This legislation claims to end the “too big to fail” bailout, however what really happens is the federal government is creating an oversight council to monitor the market place to identify stability threats. The Federal Reserve will act as an agent to the council and will have extended powers, but as a trade off the General Accountability Office enhanced authority to examine the Board of Governors of the Federal Reserve and the Federal Reserve Banks to provide greater transparency.

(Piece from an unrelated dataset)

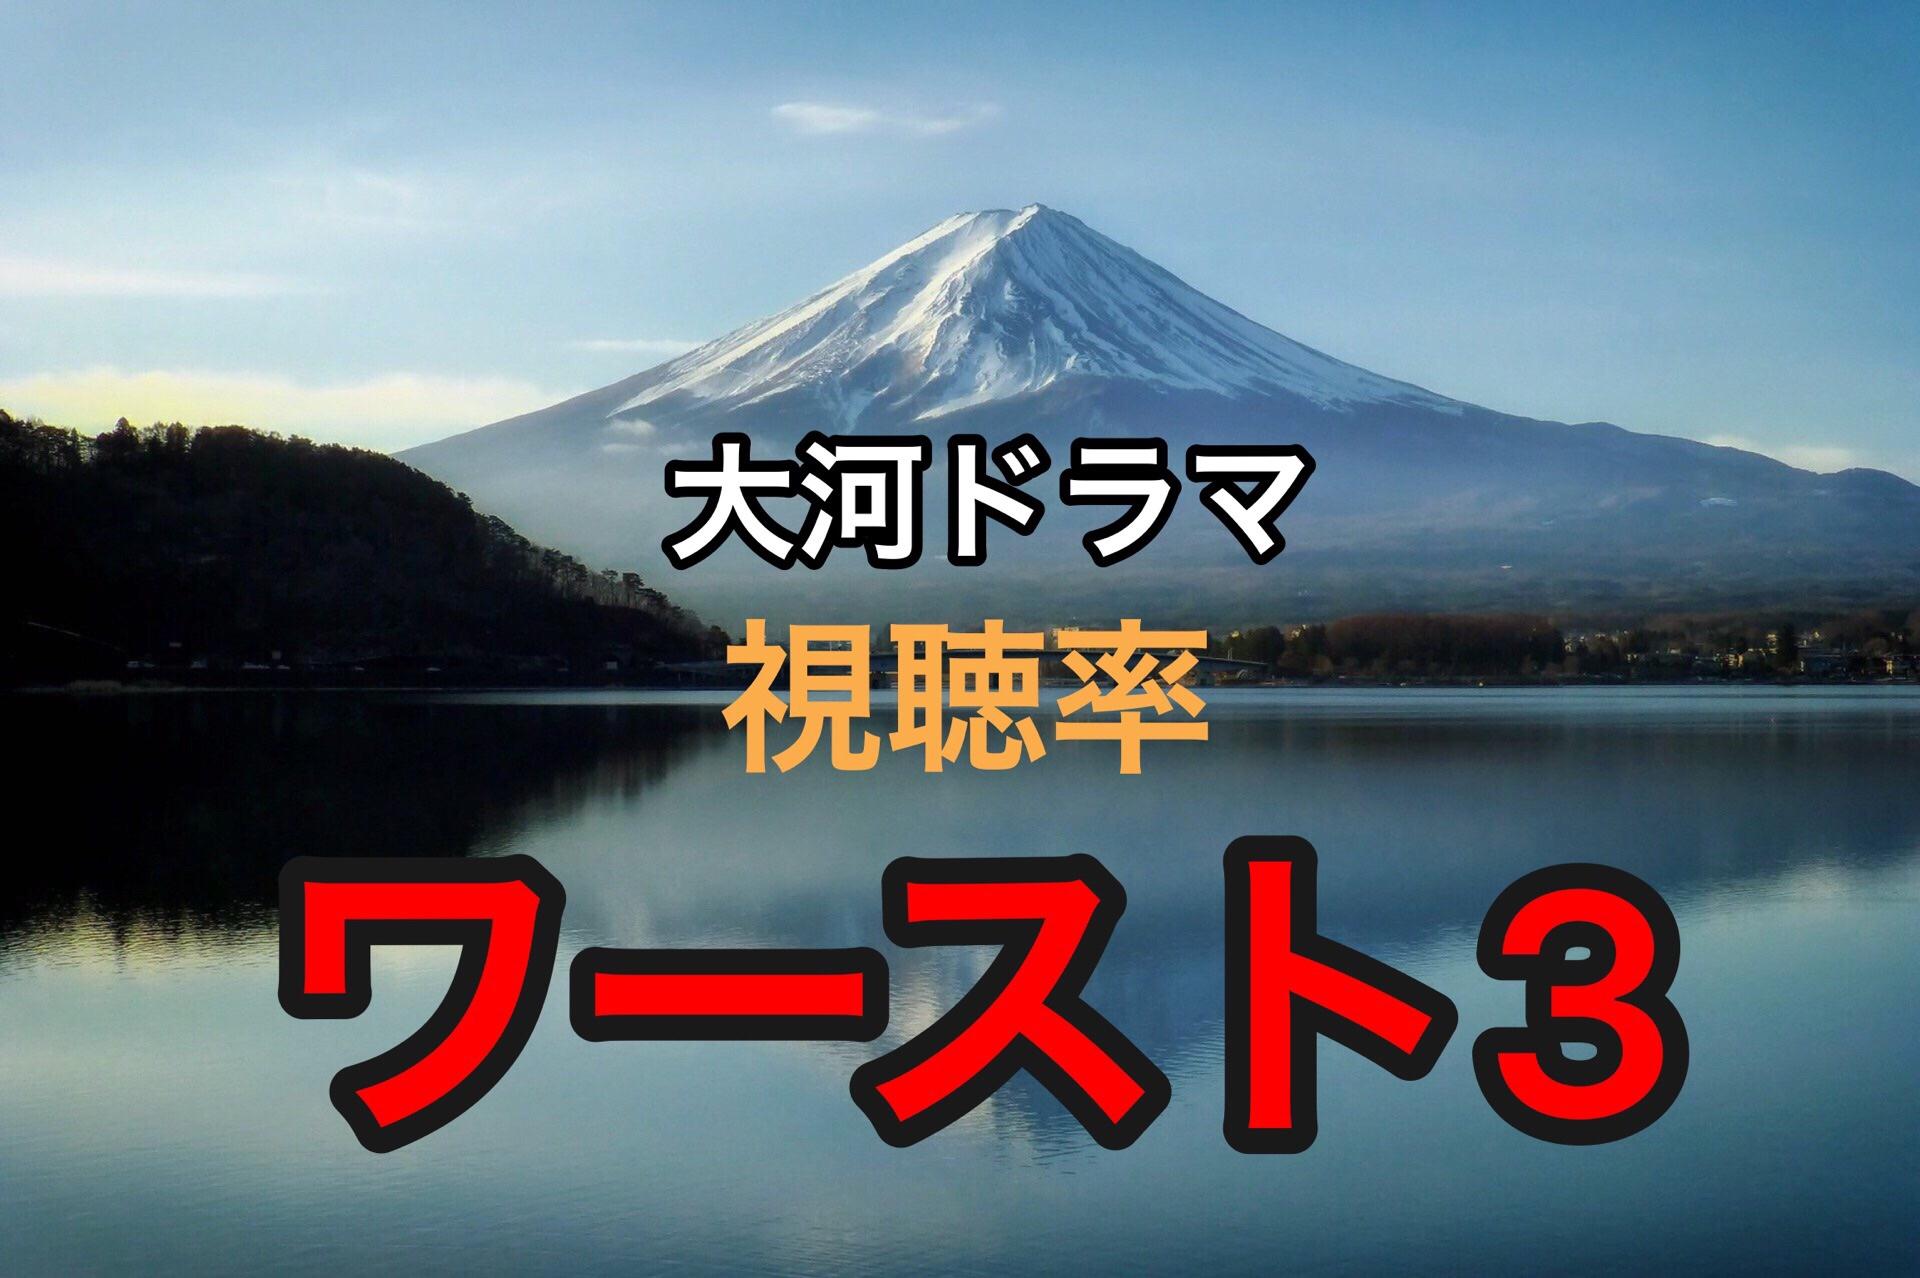 Taiga drama worst rating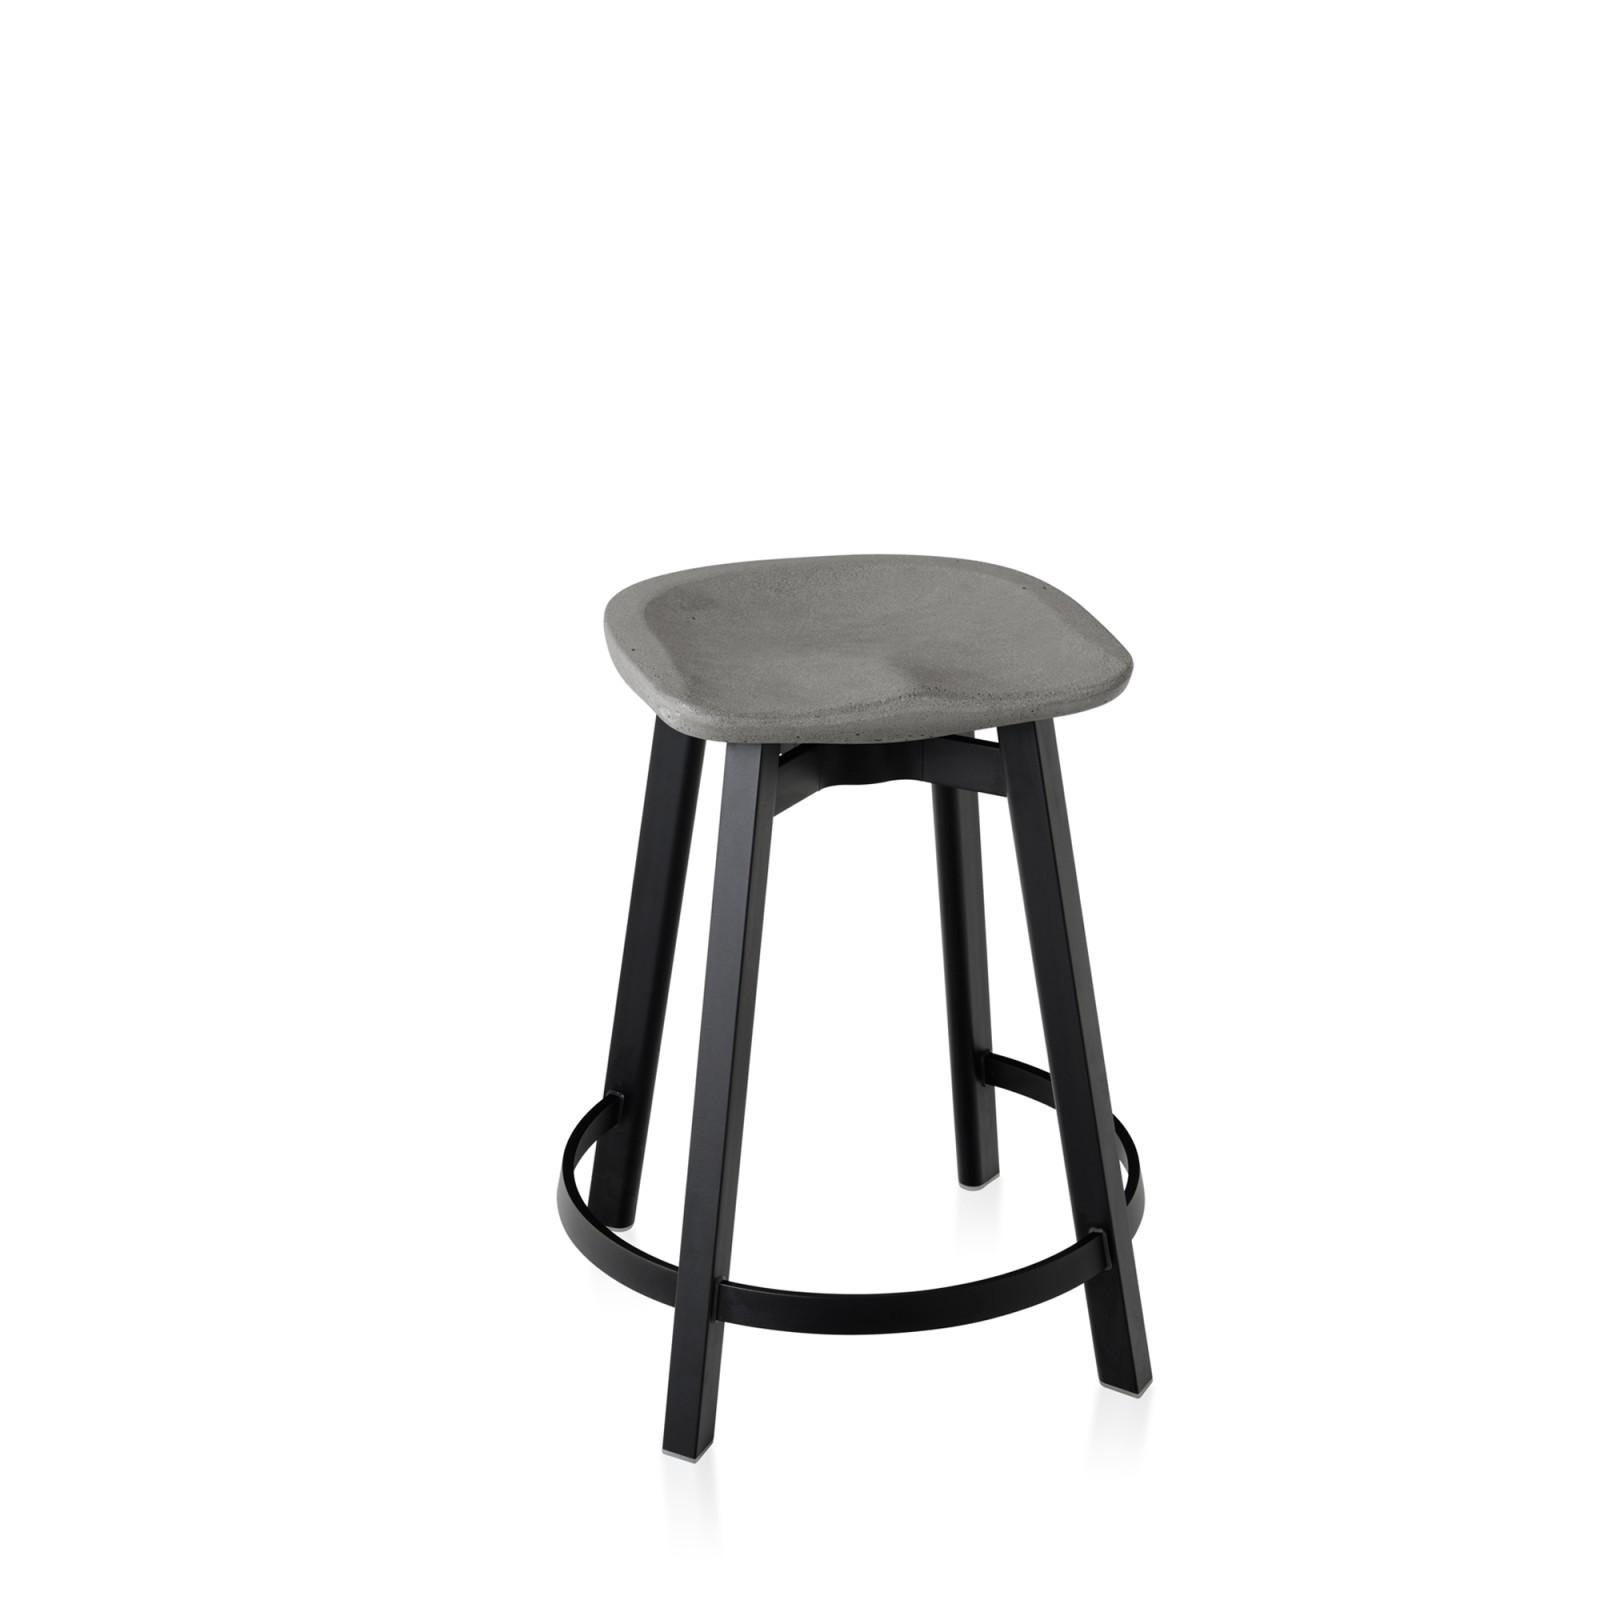 Su Counter Stool Black Aluminium, Flint Grey

O.k. that sound all well and good, but for those of us who have been paying attention one of the things we have been asking for is to Audit the Federal Reserve, HR 1207. Audit the Fed would be a great first step in providing economic stability. As far as the permanent bailout, if the Council determines that a “big bank” is failing it will have the authority to step in to provide for an “orderly dissolution” of the failing firm. That shareholder and unsecured creditors will bear the losses. If I could interject with the facts, for a minute, isn’t that what happens now?? The market will bear the risk, not the taxpayers. This does not make sense, until you get to the last bullet point on the summary of the bill.
• There is no bailouts for failing institutions. If the financial assistance is necessary for orderly dissolution, industry will pay for it.
o A Systemic Dissolution Fund can be used to help wind down failing financial institutions, but not to preserve them. The fund will be pre-funded by assessments on financial companies with more the $50 billion in assets and by hedge funds with more than $10 billion in assets.
TAH DAH… there’s the tax. It will be penalizing large “too big to fail” companies in the event that they might fail. This is like being given a speeding ticket because you might speed.
We must pay attention to this, Please Please Please contact your Representative and tell them to oppose this legislation.